Quote from Winning With Data:

Traditional business intelligence systems comprise three layers. An Oracle, or similar, database stores all the company’s relevant data. The middle layer, called the data warehouse, siphons data from the database and aggregates figures to create reports. The last layer visualizes the report data and serves it to end users.

Problems with this approach surfaced very quickly. As businesses change, the questions they ask themselves evolve, and in many instances they change dramatically. Each time a business user sought to answer a new question, the data team needed to create a new report within the data warehouse, which took time, effort, and money. As the data warehouse grew, the company paid more to Oracle and other vendors for additional database licenses.

With such a brittle BI architecture, customers couldn’t ask and answer new questions. Or they would have to wait weeks, or more, for database teams to adjust the data structure and re-architect the database in order to respond to the organization’s new demands. This latency minimized the value that data can have for operations, ultimately dissuading employees from asking pertinent questions and from explaining their actions and making decisions based on real business data.

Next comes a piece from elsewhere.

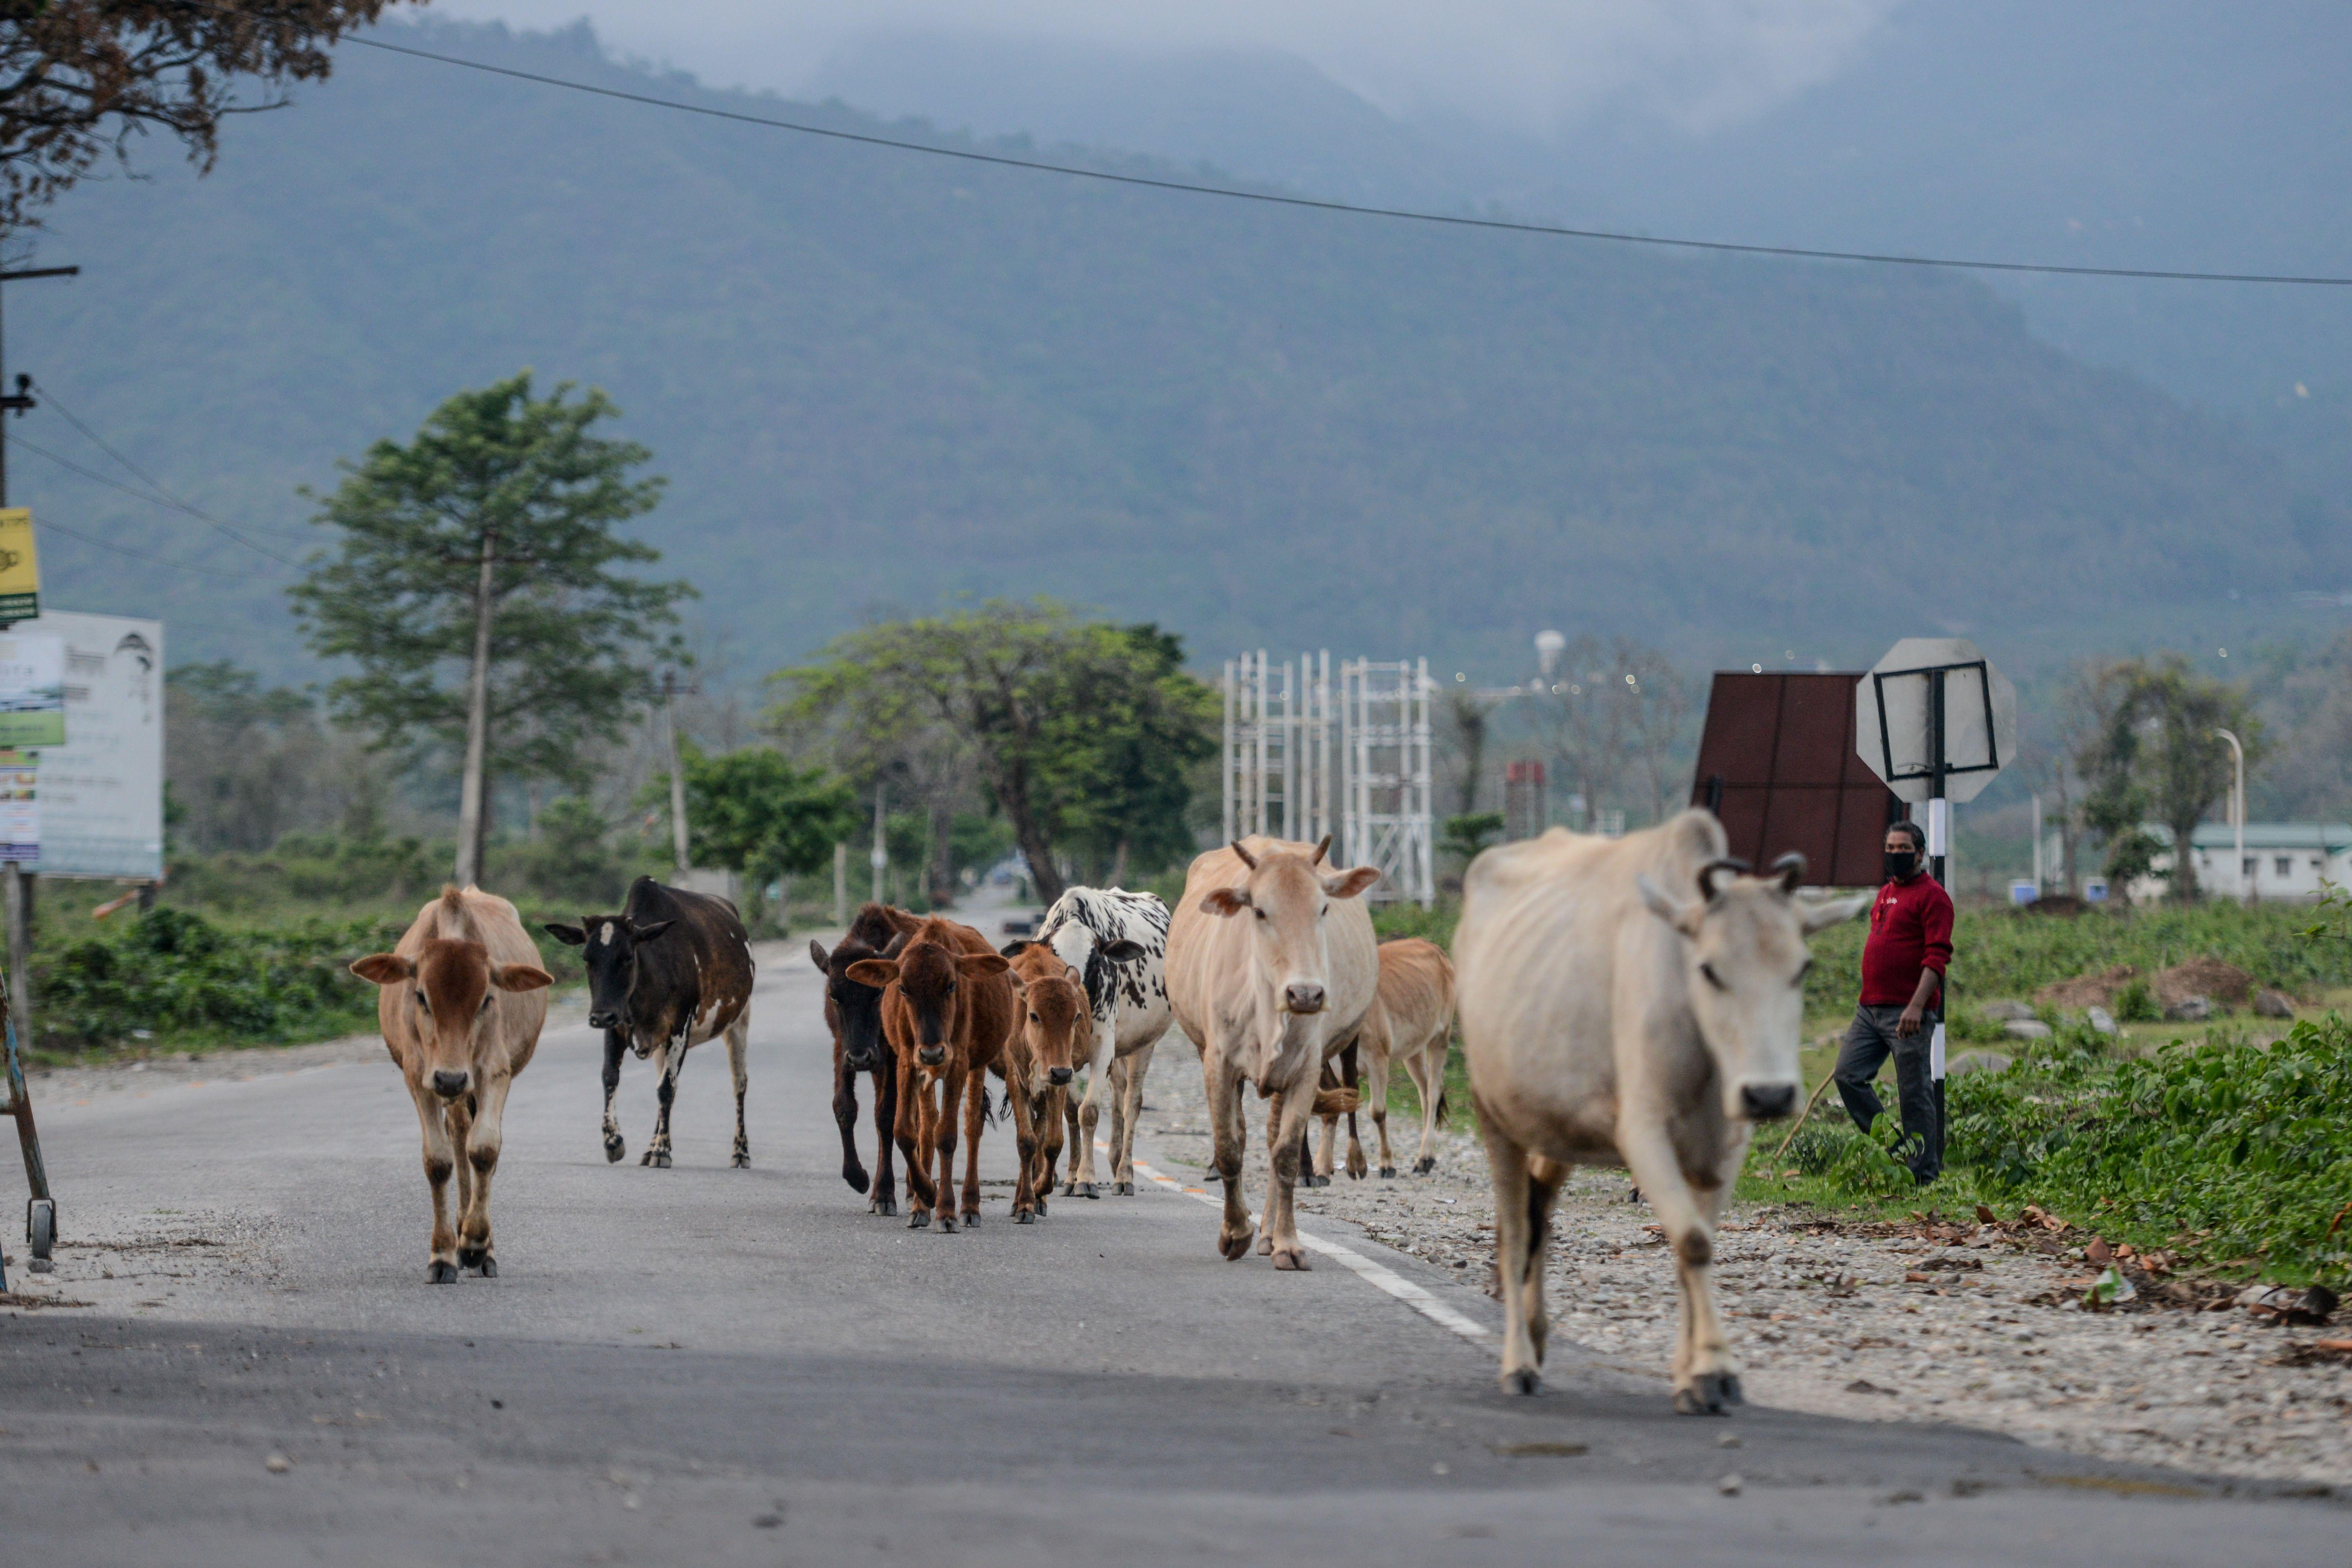 A man walks with several cows along a road.

This has me wondering: How much has truly changed in our modern data stack? Despite the evolution to cloud data warehouses, transformation tools like dbt, and self-service analytics platforms, we still face similar fundamental challenges:

  • Business users remain dependent on “analytics engineering” teams to model data appropriately
  • New questions often require rearchitecting schemas and creating new transformations
  • The time between question and answer still creates friction that discourages data-driven decision making
  • Technical barriers continue to separate business users from direct data exploration

This persistent gap between business needs and data accessibility explains why natural language interfaces to data remain such a promising concept. The ability to simply ask questions of your data—without SQL knowledge or waiting for technical teams—would fundamentally change how organizations leverage information.

But are we anywhere close to delivering on this promise? Or are we still trapped in prettier versions of the same brittle architectures, just with different names and technologies?

What would it take to truly democratize data access in a way that eliminates these longstanding barriers?